Marco Gualazzini e Daniele Bellocchio sono stati a Cuba. Presto il loro reportage su InsideOver con il racconto di Bellocchio e le foto di Gualazzini. Vi anticipiamo qui il loro lavoro con questa foto che documenta la crisi umanitaria dell’isola
Cuba attraversa la crisi più grave dei suoi 67 anni di storia rivoluzionaria. Errori di politica interna, giro di vite repressivo, riforme economiche fallimentari e l’inasprimento dell’embargo americano voluto da Trump hanno spinto l’isola oltre il punto di rottura. Il PIL è in calo da tre anni consecutivi, l’inflazione ufficiale viaggia oltre il 14% e secondo l’Osservatorio Cubano dei Diritti Umani l’89% della popolazione vive in povertà estrema. Negli ultimi cinque anni oltre un quarto dei cubani ha lasciato il paese; chi resta invece fa i conti con blackout quotidiani, assenza di carburante, farmaci e cibo: ogni bene di prima necessità. Un medico guadagna 10mila pesos al mese, un cartone di 30 uova ne costa 3mila. A pagare il prezzo più alto di questo collasso economico e scontro geopolitico sono i cittadini cubani e tra essi i più fragili: anziani, malati e bambini. Come Crislandy, due anni e sette mesi, nato con sindrome di Down e una grave cardiopatia che gli è costata una tracheotomia: senza elettricità né apparecchiature, sua madre è costretta ad aspirargli con la bocca l’espettorato dalla trachea, oltre venti volte al giorno. La sua storia è lo specchio di un paese dove le famiglie, senza alcun’ altra possibilità, non possono che attendere, nella più totale impotenza, indigenza e frustrazione il destino che la sorte riserverà ai propri figli, mentre il paese affonda senza promesse di futuro.
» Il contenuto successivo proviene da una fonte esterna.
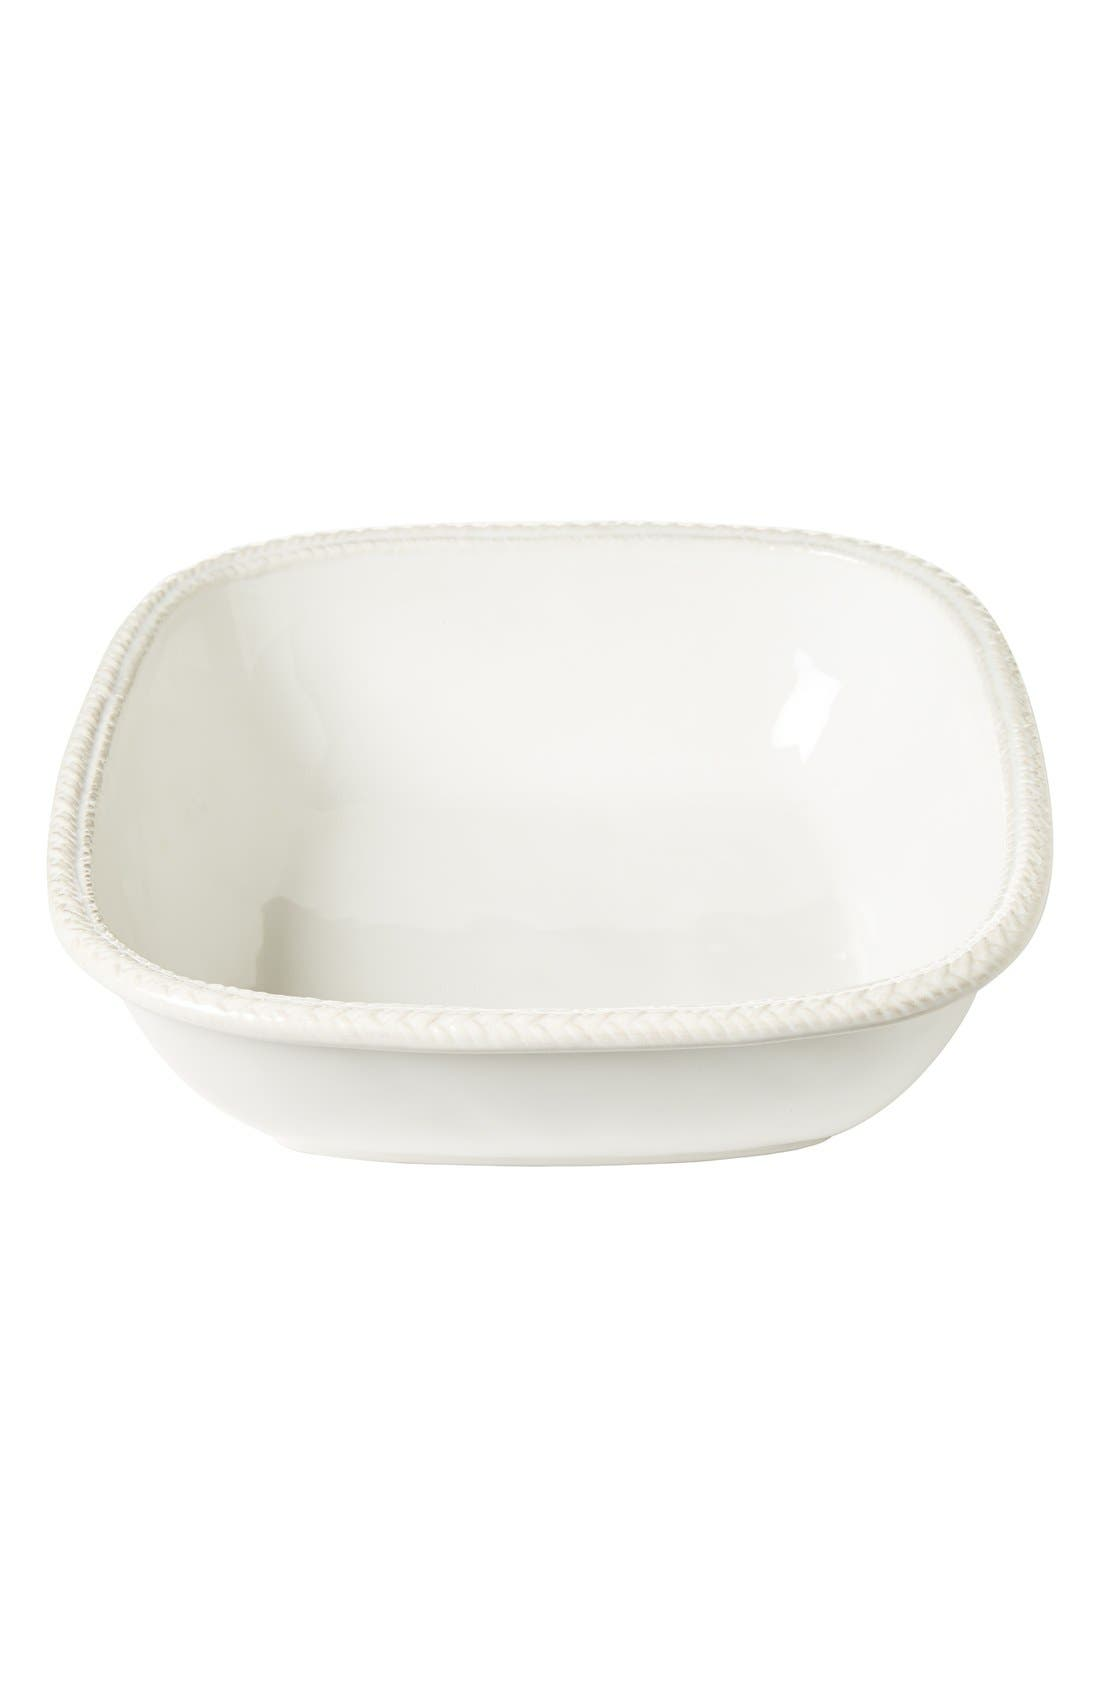 Le Panier Medium Ceramic Serving Bowl,                         Main,                         color, White

LEISY ESTEBEZ RODRIGUEZ: donna di 28 anni che vive nella città rurale di Surgidero de Batabano , madre di tre figli. Christopher di 9 anni, Leandy di 4 e Crislandy di 2 anni e 7 mesi. Il più piccolo è nato con la sindrome di Down e una grave patologia cardiaca a causa della quale gli è stata effettuata una tracheotomia. Il bambino necessiterebbe di una macchina in grado di aspirare l’accumulo di espettorato per evitare che soffochi. A causa della mancanza di elettricità e risorse, i genitori non possiedono l’apparecchiatura e la madre è costretta, con la propria bocca, oltre 20 volte al giorno, ad aspirare dalla trachea del figlio l’escreato. Una storia drammatica che rivela, nella Cuba odierna, il dolore, la frustrazione e la disperazione di una famiglia che, abbandonata a se stessa, affronta, nell’indigenza più totale, la tragedia della malattia del proprio figlio non sapendo quale destino il piccolo avrà in sorte.